10. The method of claim 8, further comprising: The processing unit detects a decrease in one or more key performance indicators associated with the set of programming blocks; as well as The processing unit generates a third engineering program associated with the technical facility by modifying a set of programming blocks, wherein... The third-party engineering program is generated based on the analysis of the ontology schema, and The third engineering procedure compensates for a decrease in one or more key performance indicators detected in relation to the set of programming blocks.

11. The method of claim 8, wherein the ontology schema is a knowledge graph-based representation comprising multiple layers, and The plurality of layers includes: The first knowledge layer includes knowledge related to the industrial sector of technological facilities. The second knowledge layer indicates the relationships between sets of variables within each programming block of the industrial domain and programming block set. The third knowledge layer indicates the relationships between multiple key performance indicators associated with the set of programming blocks and the sets of variables within each block of the set of programming blocks, as well as... The fourth knowledge layer indicates the object behavior model associated with multiple engineering objects in the technical facility.

12. An engineering system for generating engineering programs for one or more engineering objects in a technical facility, wherein the engineering system comprises: One or more processors; and A memory coupled to the one or more processors, wherein the memory includes an automation module stored in the form of machine-readable instructions executable by the one or more processors, wherein the automation module is capable of performing the method according to any one of claims 1-11.

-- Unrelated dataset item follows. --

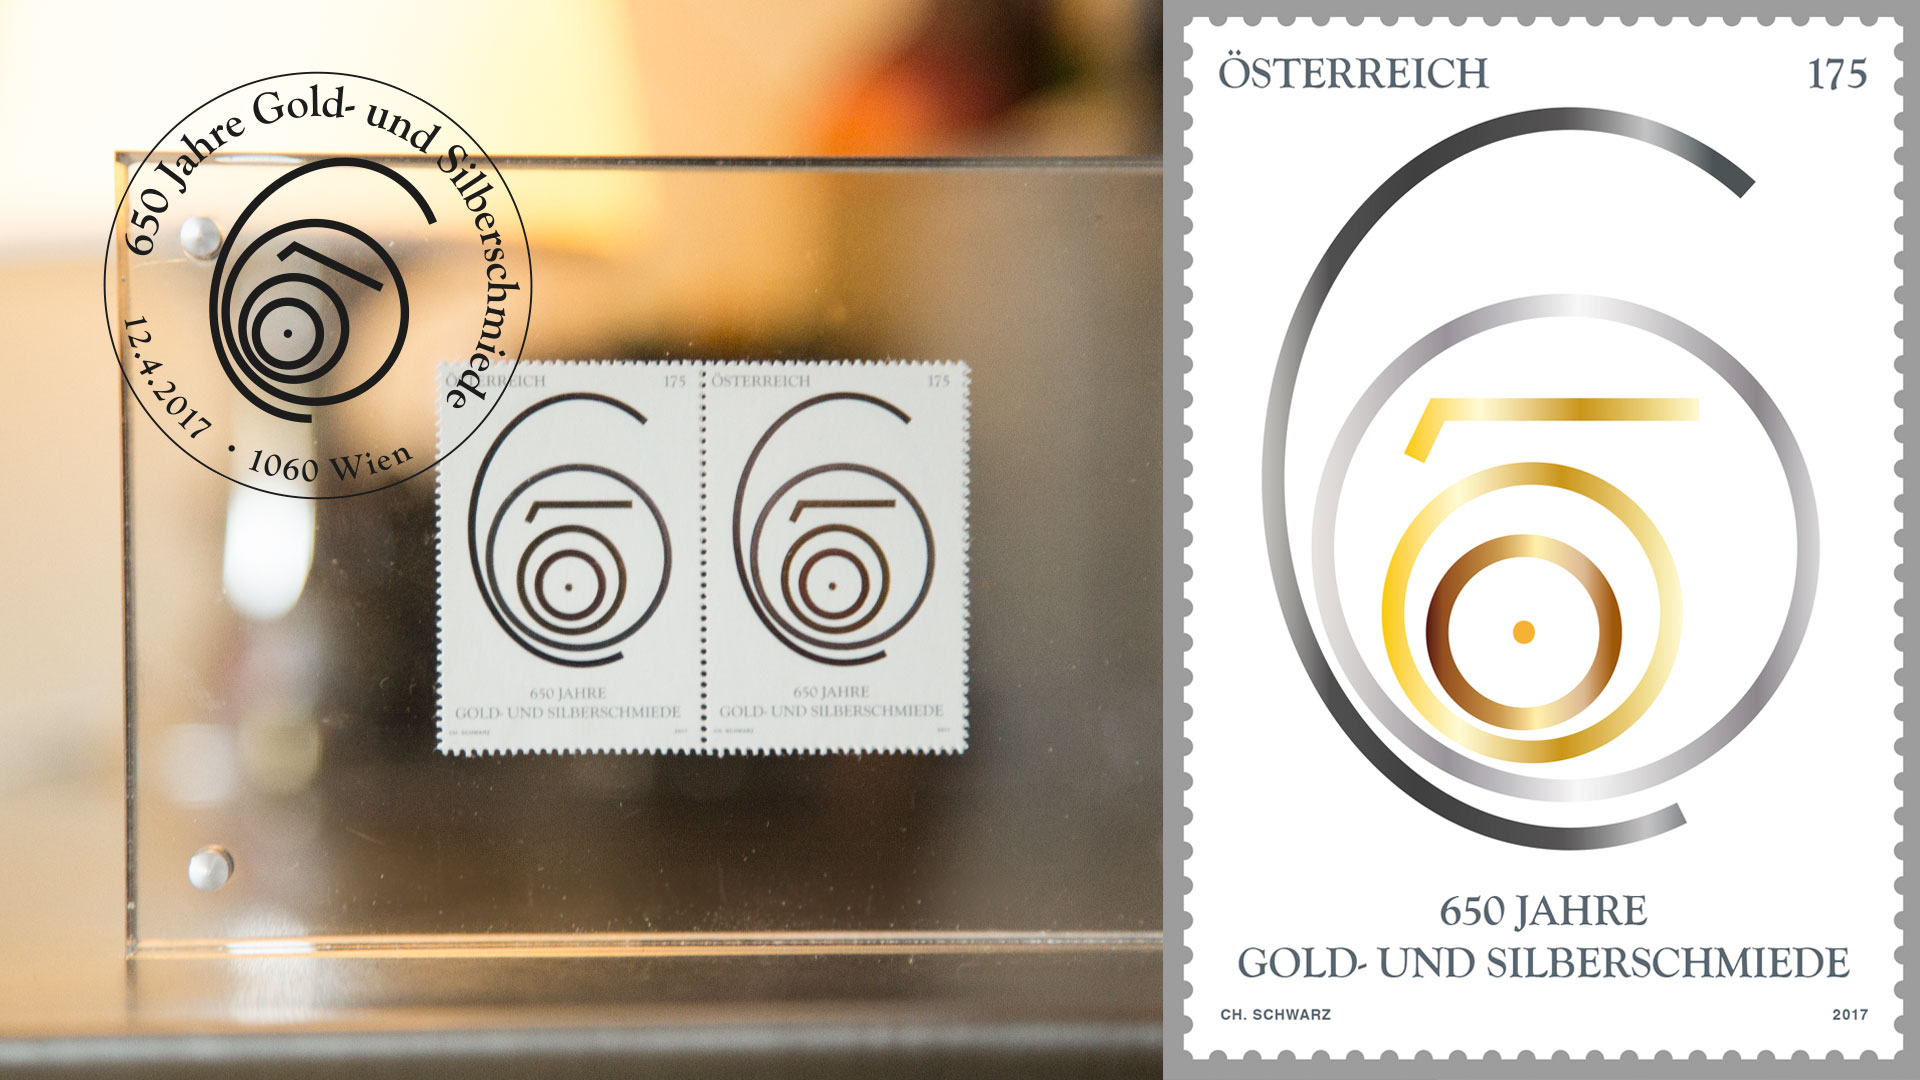 Die Jubiläumsbriefmarke der 650 Jahre Gold- und Silberschmiede

13. An industrial environment, comprising: The engineering system as described in claim 12; Technical facilities including one or more physical components; as well as One or more client devices are coupled to an engineering system via a network communication, wherein the engineering system is configured to perform the method according to any one of claims 1 to 11.

14. A computer program product storing machine-readable instructions that, when executed by one or more processors, cause the processors to perform the method according to any one of claims 1-11.